**Supplied material:**
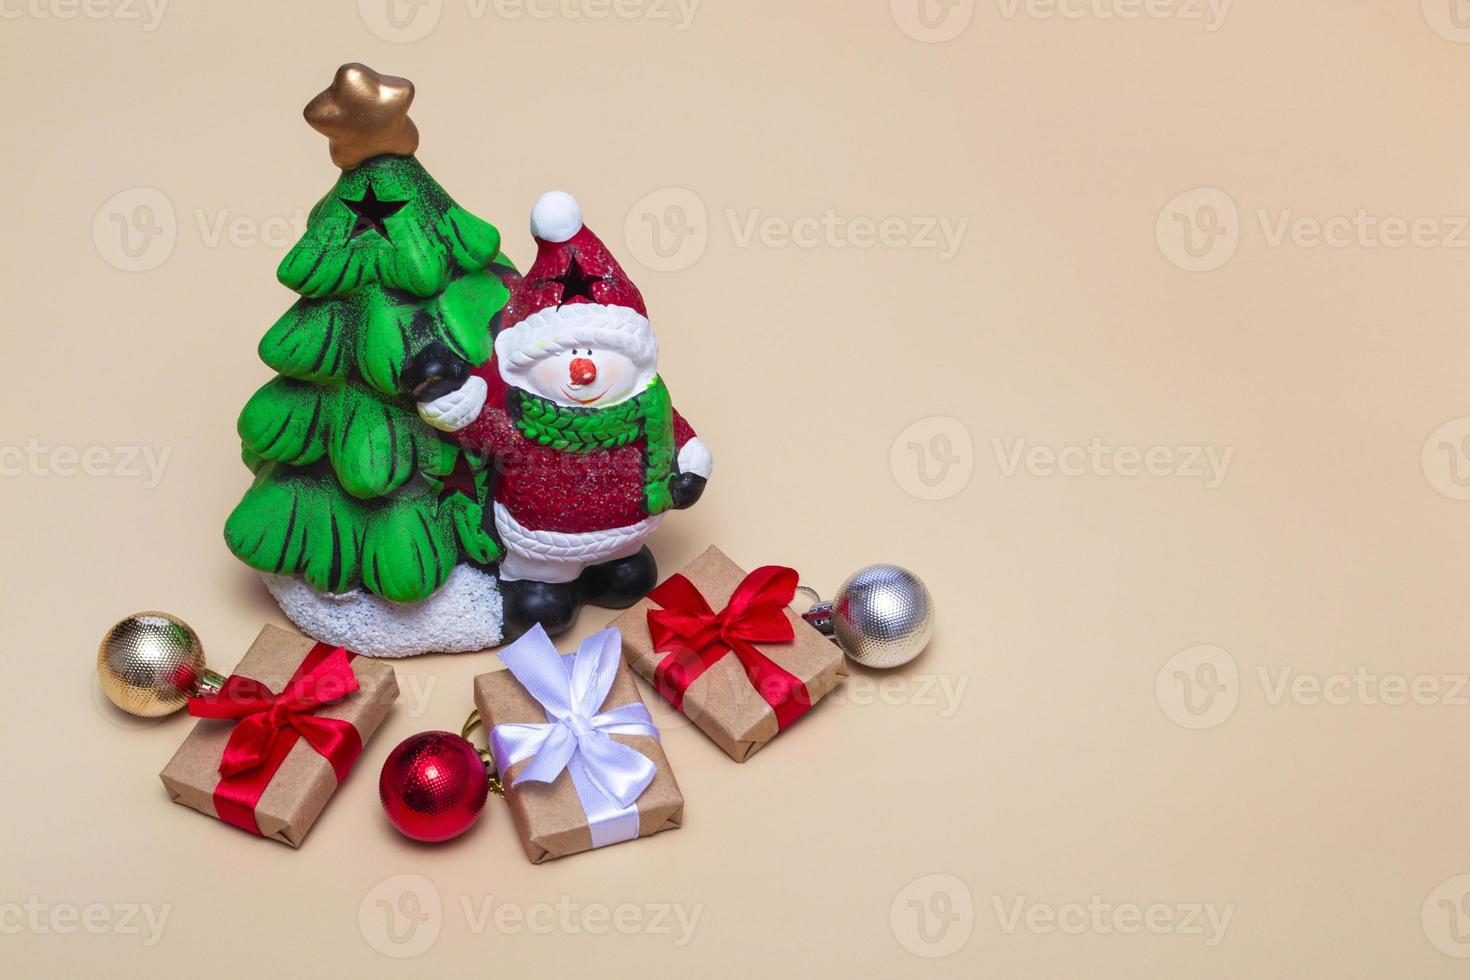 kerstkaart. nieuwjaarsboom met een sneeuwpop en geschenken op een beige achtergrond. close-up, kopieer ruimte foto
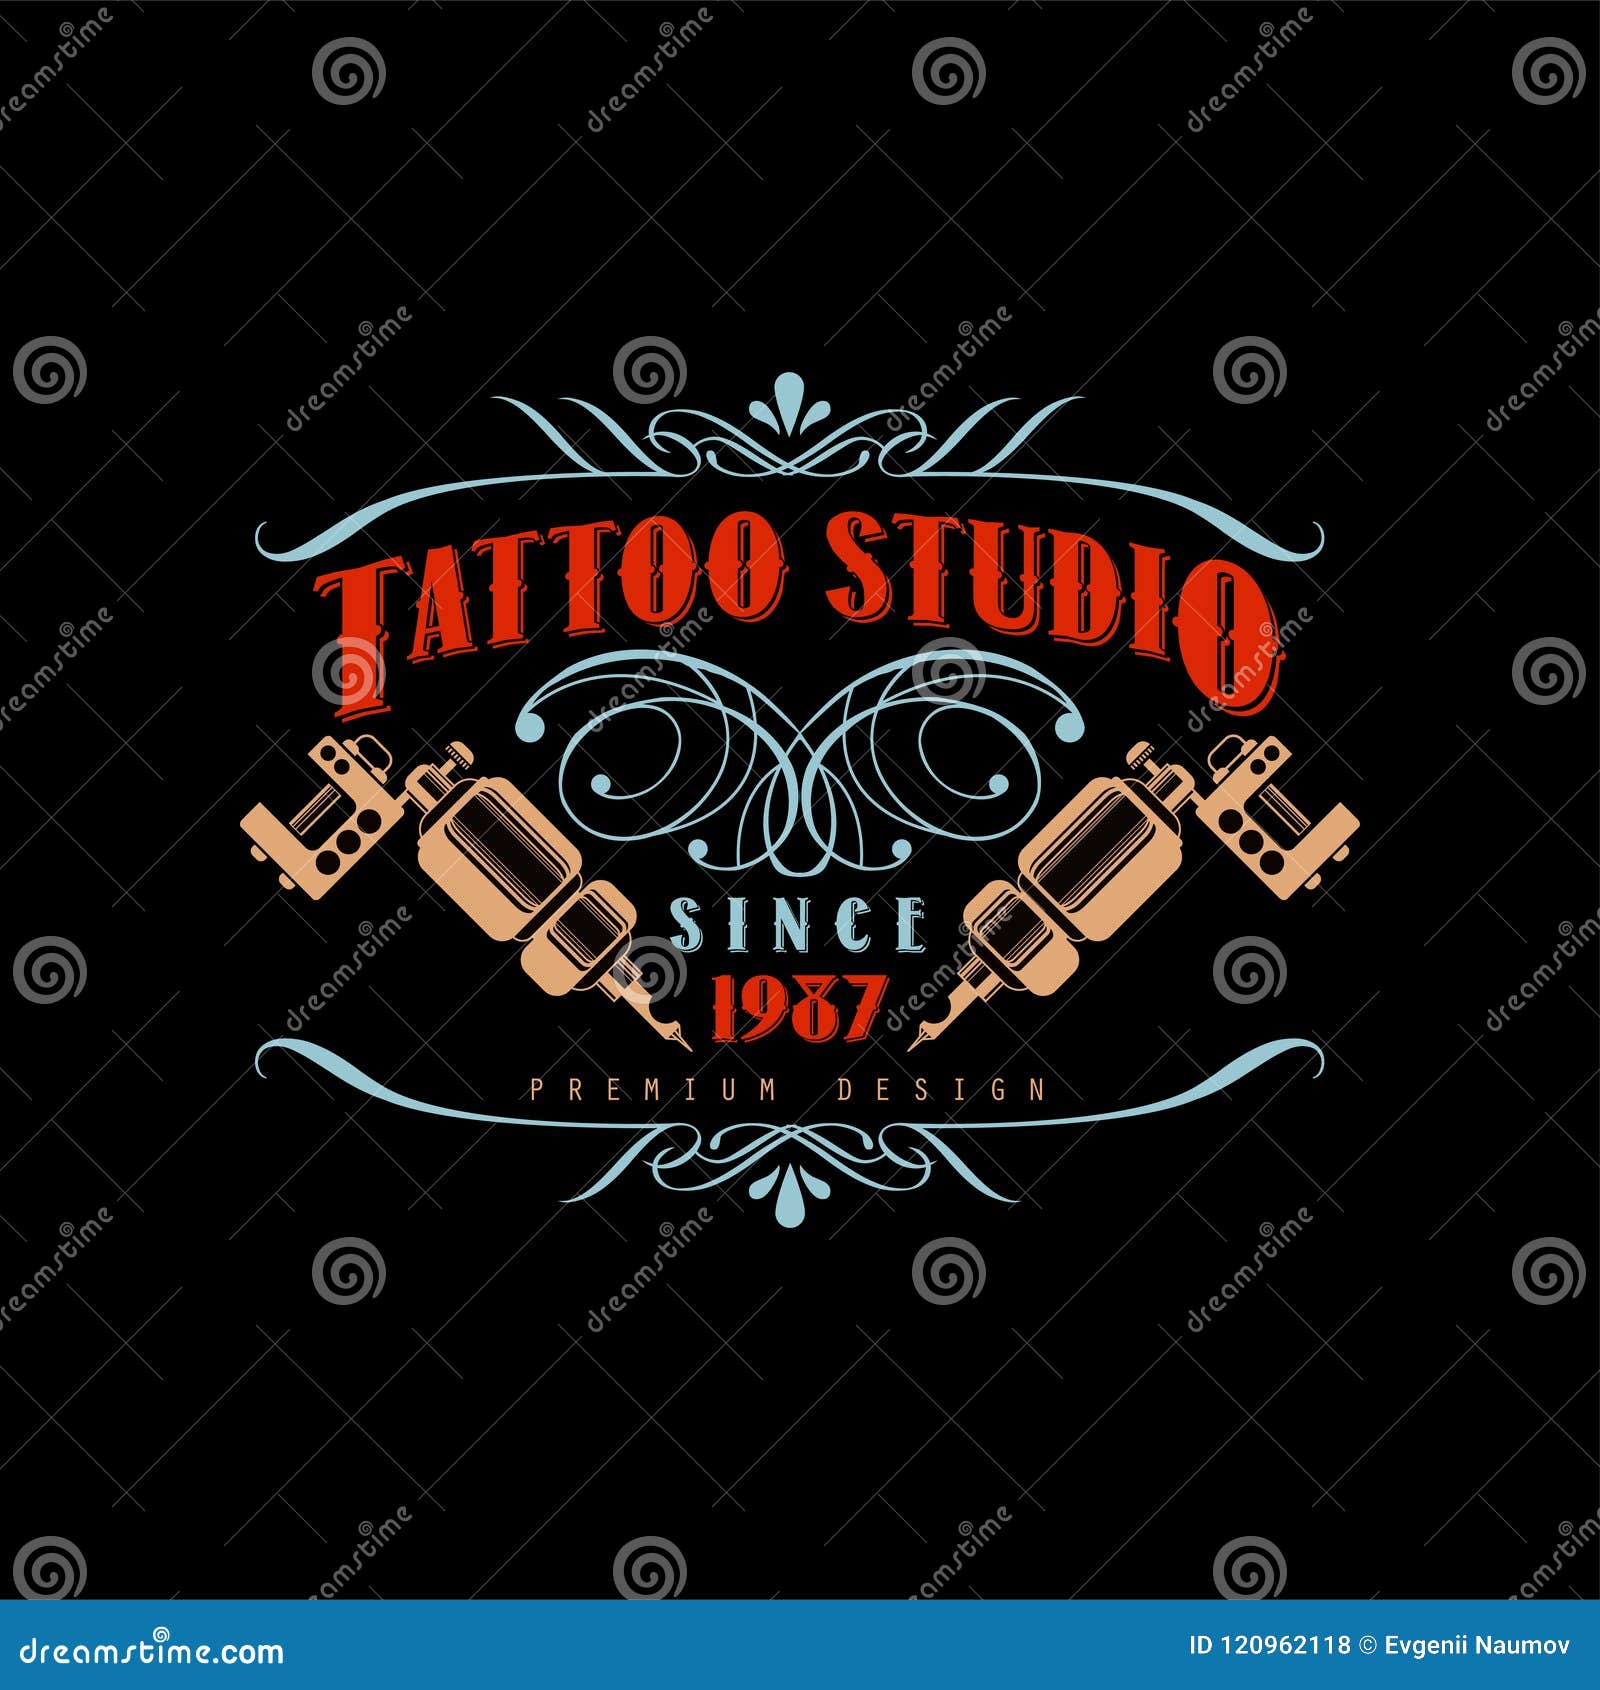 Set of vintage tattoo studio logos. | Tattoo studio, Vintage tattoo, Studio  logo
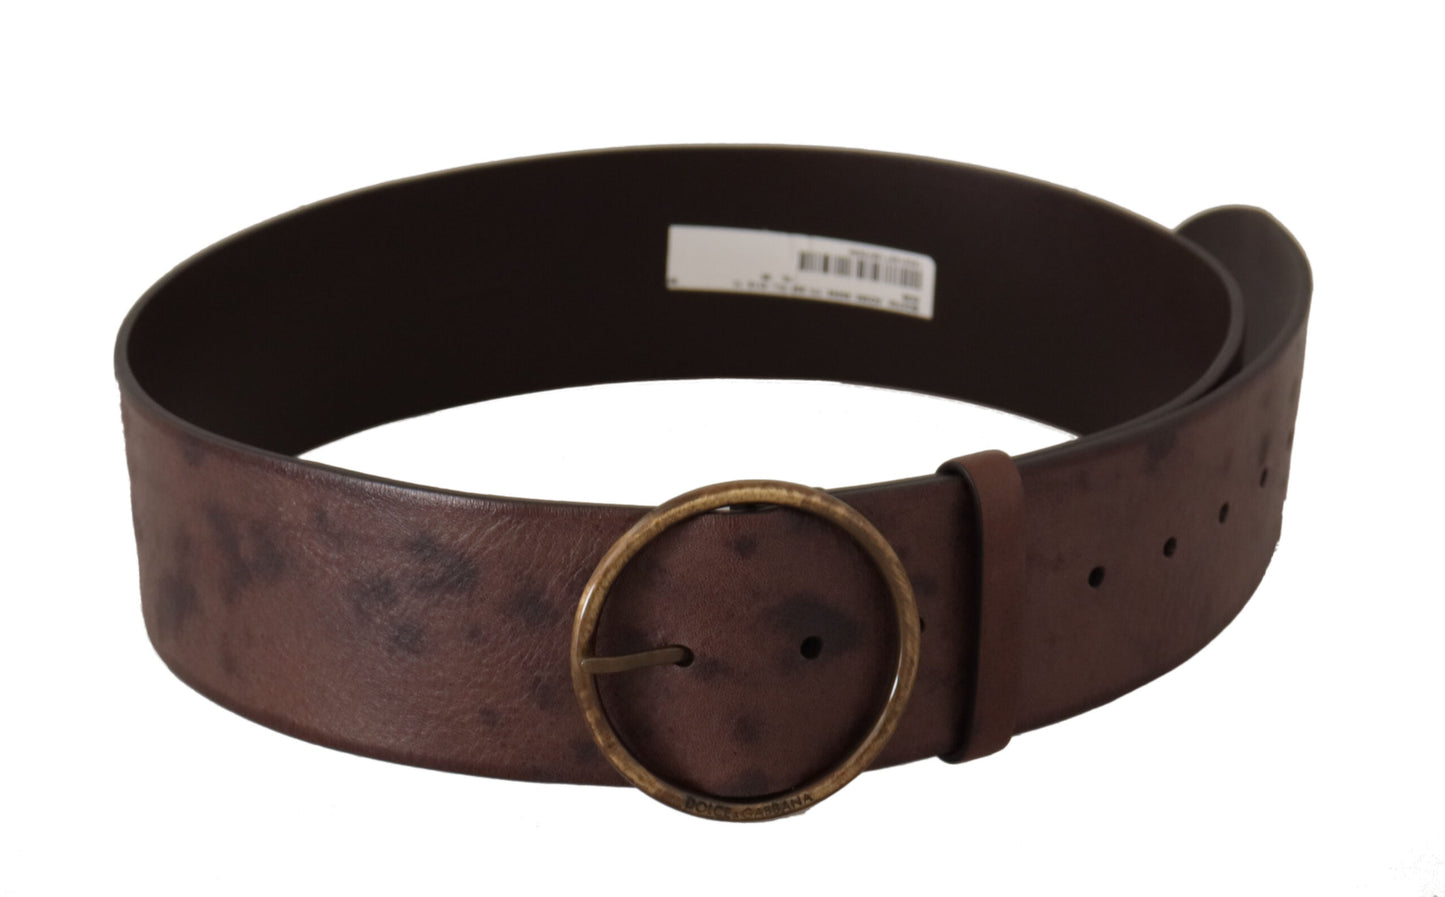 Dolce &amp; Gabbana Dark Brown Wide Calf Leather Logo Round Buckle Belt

**Goal of the exercise:**
Print each line of the material above exactly, with the pictures removed from your copy.

**Solution for this task:**
 kerstkaart. nieuwjaarsboom met een sneeuwpop en geschenken op een beige achtergrond. close-up, kopieer ruimte foto
 Set of vintage tattoo studio logos. | Tattoo studio, Vintage tattoo, Studio  logo
 Dolce &amp; Gabbana Dark Brown Wide Calf Leather Logo Round Buckle Belt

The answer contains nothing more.